The Chief Accountant absolutely has the ability to shut this down, said former Chief Accountant Lynn Turner, who in 1999 put out his own staff bulletin on materiality, backing up the original FASB standard. “If the FASB proposal would change in any manner the longstanding guidance put out by the SEC, unequivocally the Chief Accounting Office should say no, you can’t do it.” So if Schnurr does nothing, he would absolutely be abetting this.
Which leads us to the question of who’s driving this change. We know the FASB disclosure framework has been driven by corporations. We know Schnurr, who has never worked on behalf of investors, appears more concerned with softening up the rules for industry. And we know that Schnurr is personally very close to John White, Mary Jo White’s husband and a corporate lawyer with Cravath.
White is on the Standing Advisory Group of the Public Company Accounting Oversight Board (PCAOB), and was recently part of the advisory group for FASB. He was the previous head of the division of Corporation Finance in the laissez-faire Christopher Cox days. The current head of CorpFin, Keith Higgins, used to work for John White there, and he’s been focused during his tenure on “improving” disclosure.
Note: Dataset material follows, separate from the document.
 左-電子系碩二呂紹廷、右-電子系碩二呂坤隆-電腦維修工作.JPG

John White has been accused of spearheading the effort to undermine and kick out Jim Doty, the head of the PCAOB, who has strived to police auditors. Progressive organizations have asked Mary Jo White to recuse herself from choosing the next PCAOB chair, because of the conflict of interest with her husband. Jim Schnurr, meanwhile, has described Doty as “too focused on its disclosure efforts and not enough on enacting rules to govern the nuts and bolts of conducting audits.”
Mary Jo White herself has talked about “reforming” disclosure for years, citing an “information overload” in financial statements. The day after FASB’s proposal, the SEC put out a request for comment to review Regulation S-X, which governs disclosures. And all of White’s top advisors on commission staff come from a business background. “Can you name any person at the SEC motivated by the desire to advocate for investors?” Barbara Roper asked.
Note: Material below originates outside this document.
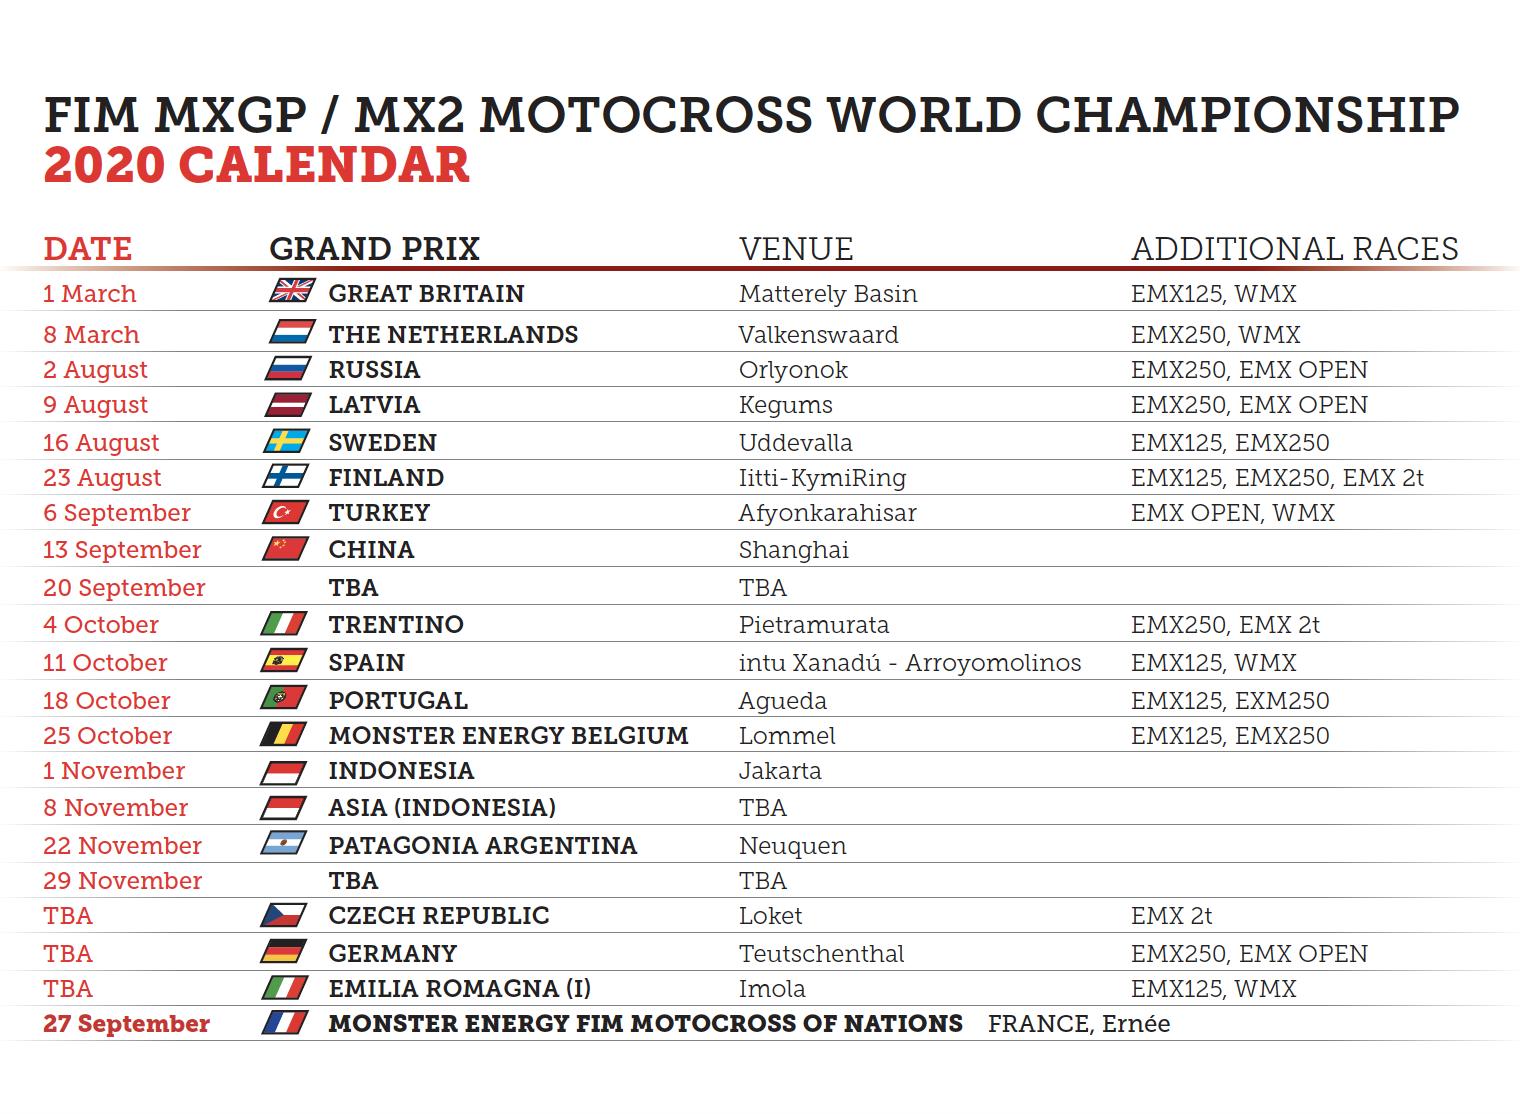 MXGP Calendar update !!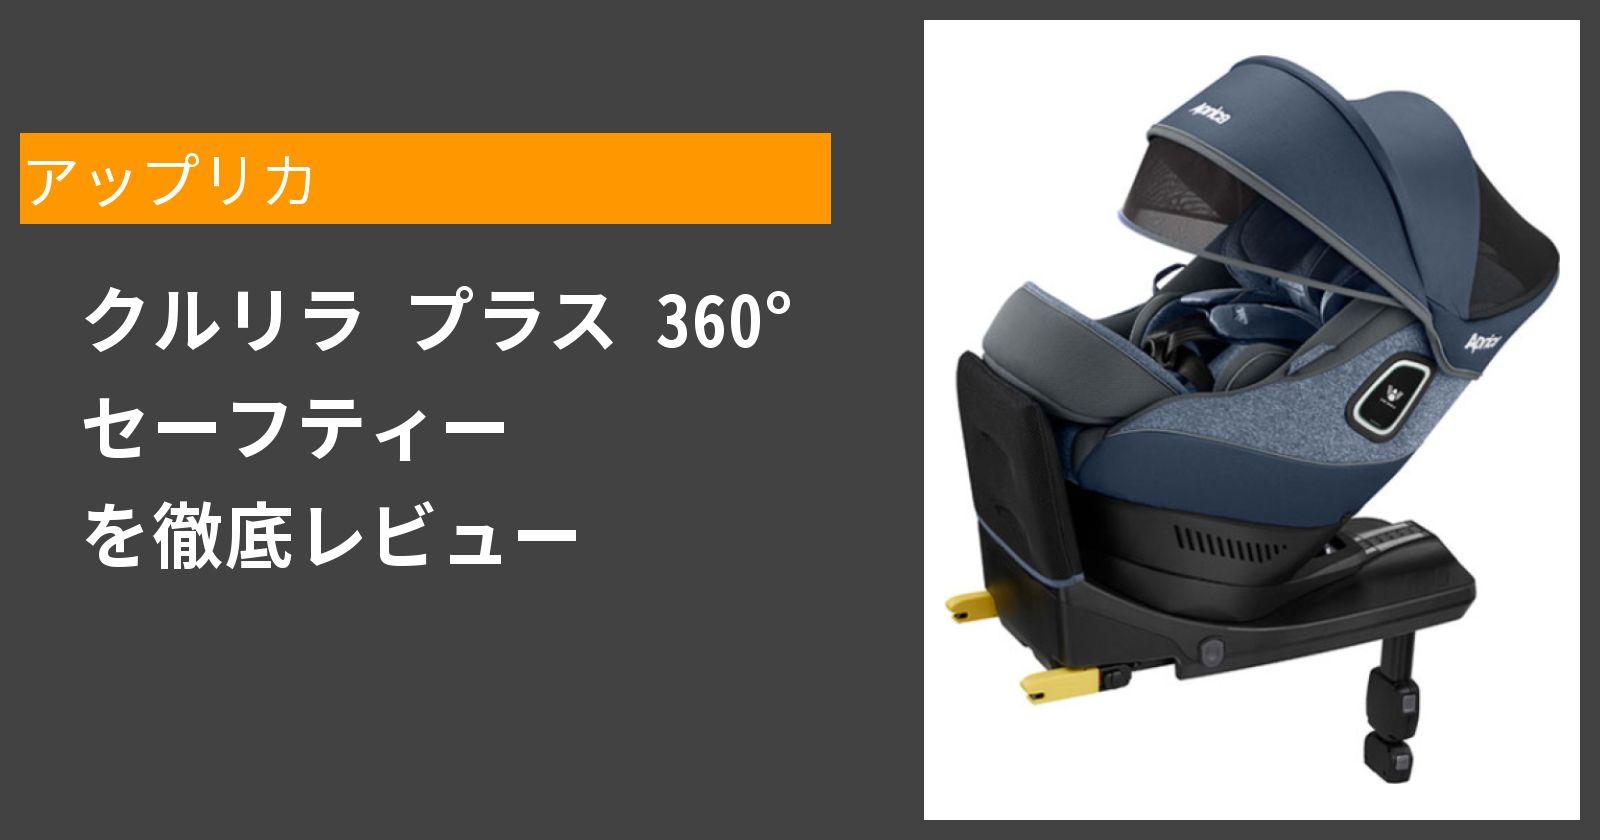 クルリラ プラス 360° セーフティーを徹底評価

Put this together and you have FASB, the Chief Accounting Office, the division of Corporation Finance, CEOs, auditors, lawyers and even the SEC Chair all moving in the same direction – to reduce disclosure. And the materiality threshold represents their opportunity. If this were vetted by people with serious credibility, who had investor protection at the forefront of their efforts, that’s one thing. But for this proposal to bubble up from committees and individuals with clear ties to big business makes it look suspiciously like Mary Jo White and her minions want to undermine the SEC from within.
Schnurr left it at the IAC meeting that they would “take into account” the committee’s comments as they work with FASB. “He didn’t appear to be persuaded by our arguments,” Barbara Roper said. The public comment period for the FASB proposal lasts until December 8, so anyone who wants to see corporate disclosures maintain their integrity can submit their remarks.
“This is a very significant issue,” said Lynn Turner. “It runs to the heart of the credibility of financial statements.”